Une onde de choc. La condamnation du journaliste français Christophe Gleizes à sept ans de prison en Algérie a été rendue publique ce dimanche par Reporters sans frontières (RSF) et le groupe So Press. Arrêté le 28 mai 2024 à Tizi Ouzou alors qu’il enquêtait sur le club de football de la Jeunesse Sportive de Kabylie (JSK), le journaliste indépendant était depuis plus d’un an sous contrôle judiciaire, avec interdiction de quitter le territoire algérien. Christophe Gleizes est poursuivi pour « apologie du terrorisme » et « propagande nuisant à l’intérêt national », en lien avec des échanges qu’il aurait eus avec un responsable du MAK, organisation classée terroriste par Alger depuis 2021. L’affaire, tenue confidentielle à la demande de sa famille, vient de sortir de l’ombre.
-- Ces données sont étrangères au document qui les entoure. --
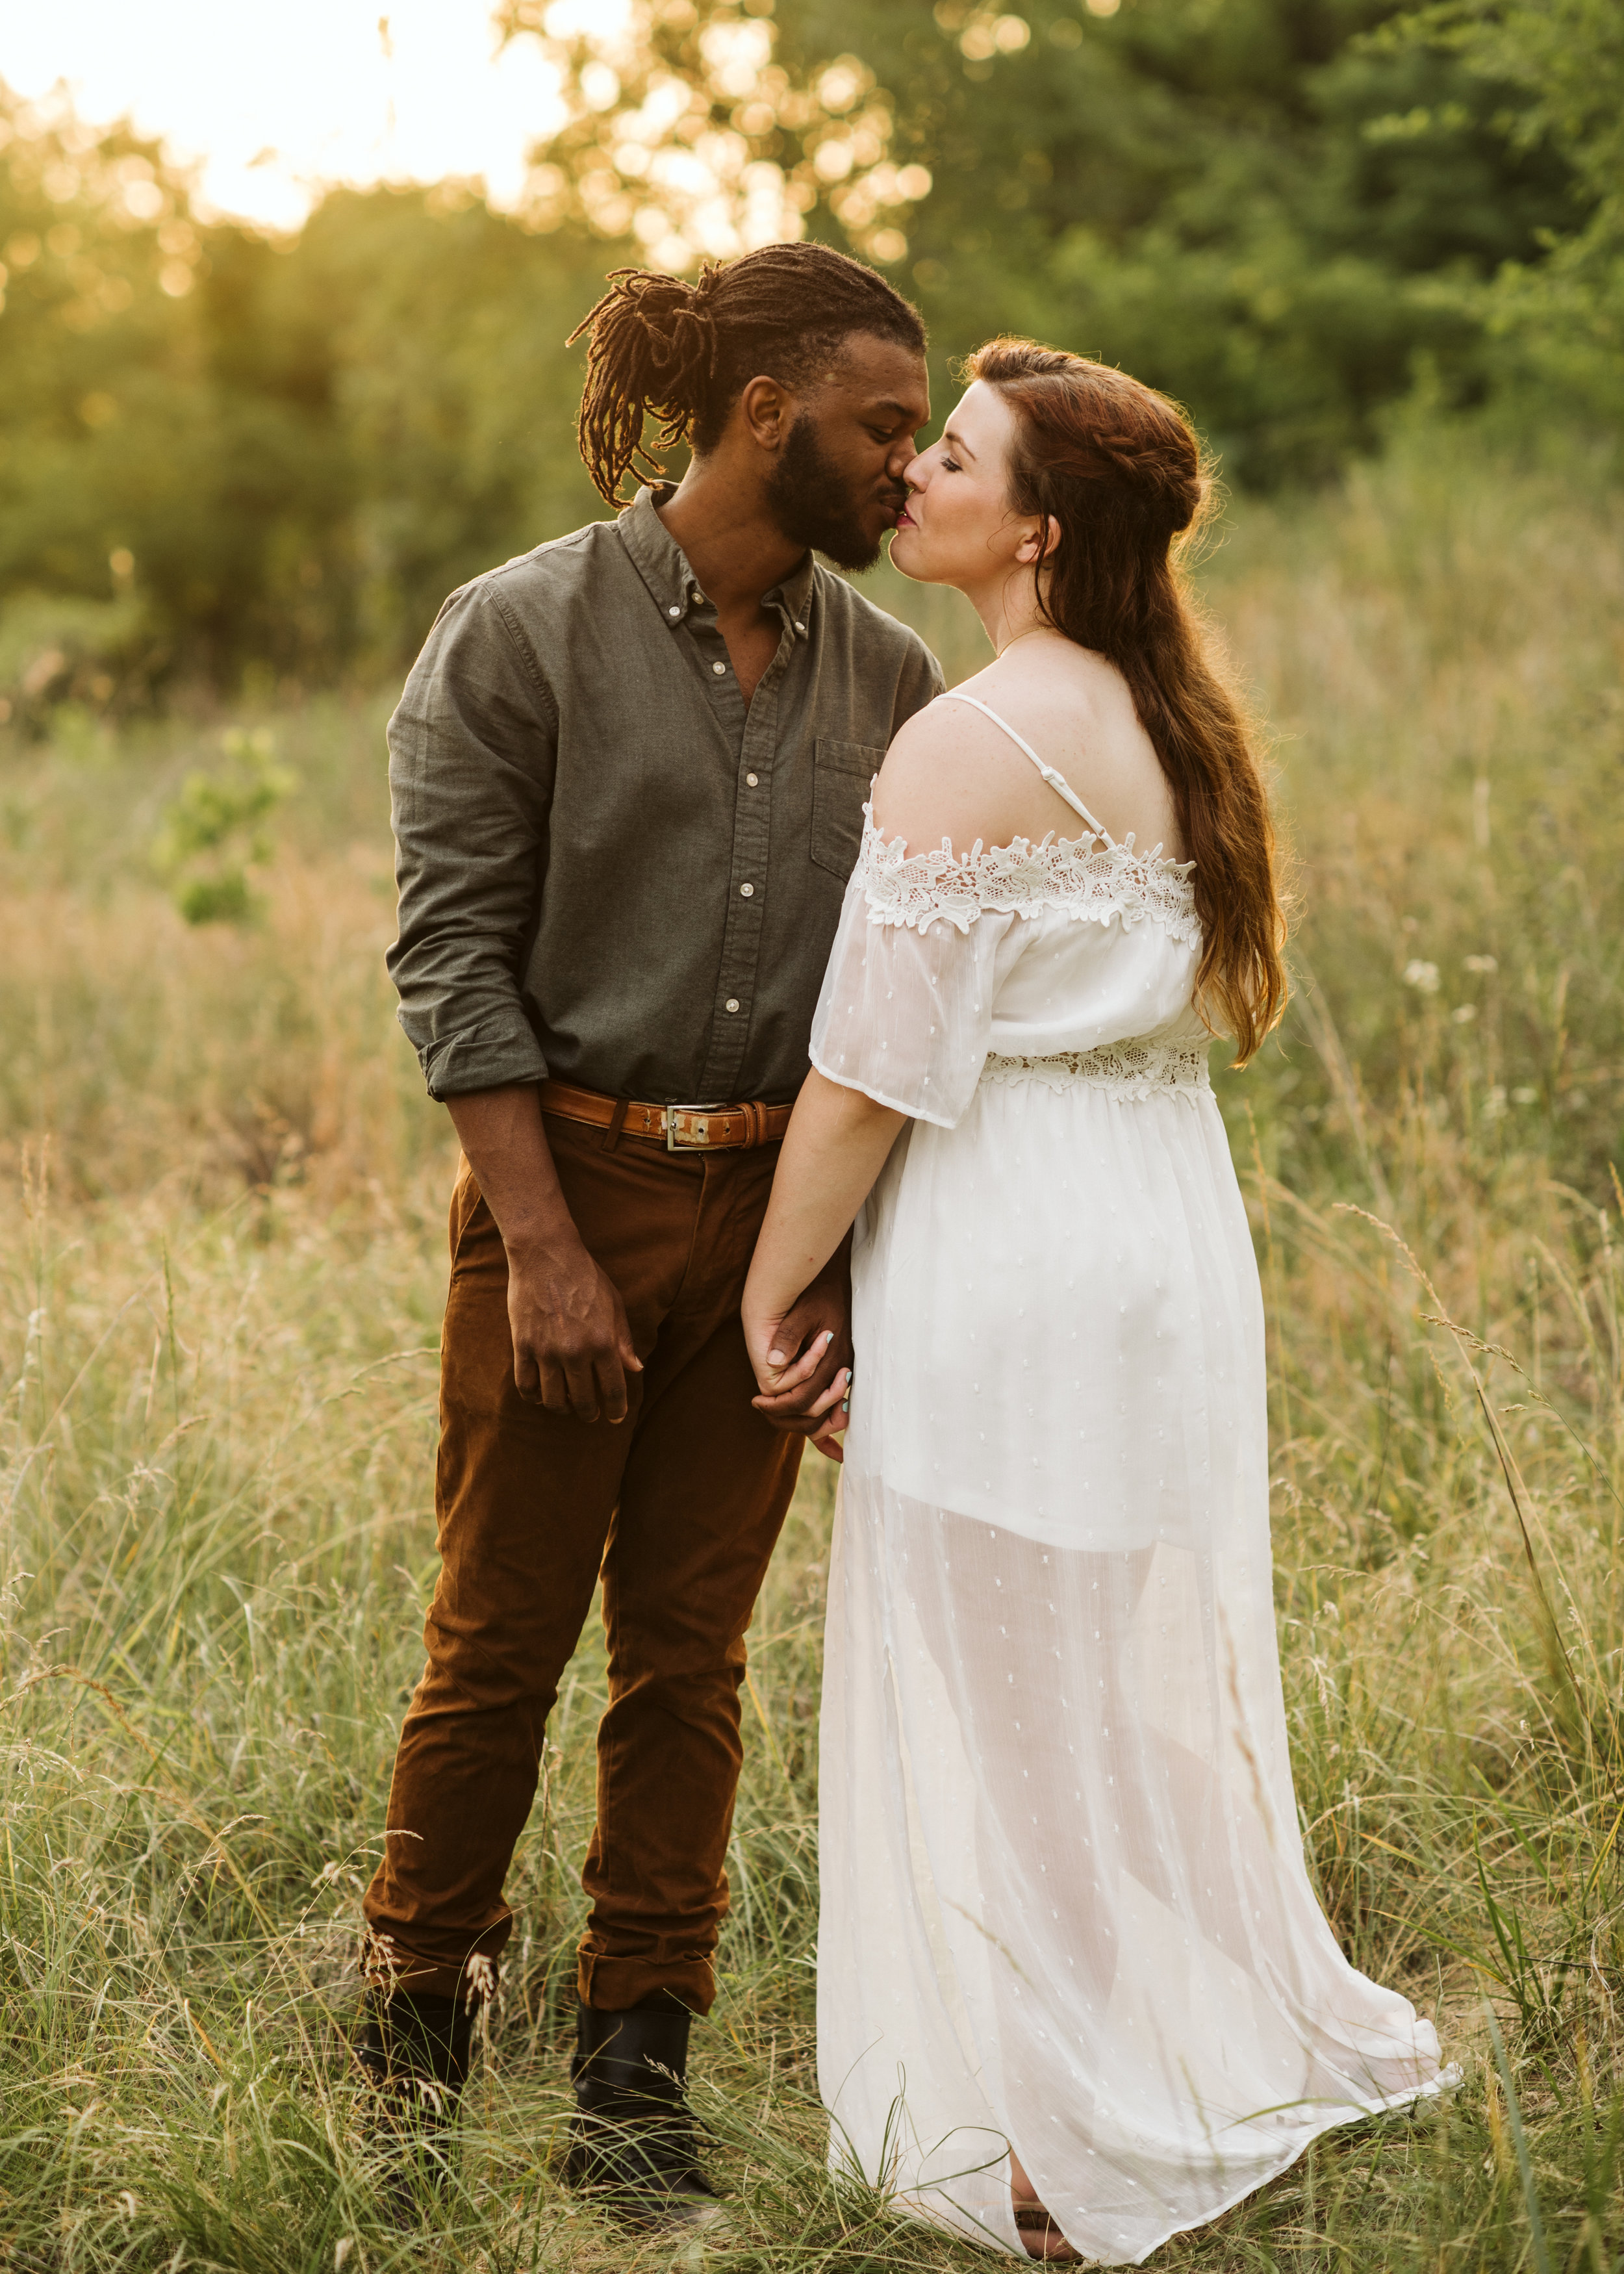 Emily & Sharaden Engagement Blog | Black Coffee Photo Co 02.jpg

Des accusations jugées « sans fondement » par RSF, qui annonce avoir interjeté appel dès ce lundi 30 juin. Du côté du Quai d’Orsay, on se dit « vivement préoccupé » par une condamnation qualifiée de « lourde », tout en rappelant que l’ambassade et les services consulaires suivent le dossier « depuis le premier jour ».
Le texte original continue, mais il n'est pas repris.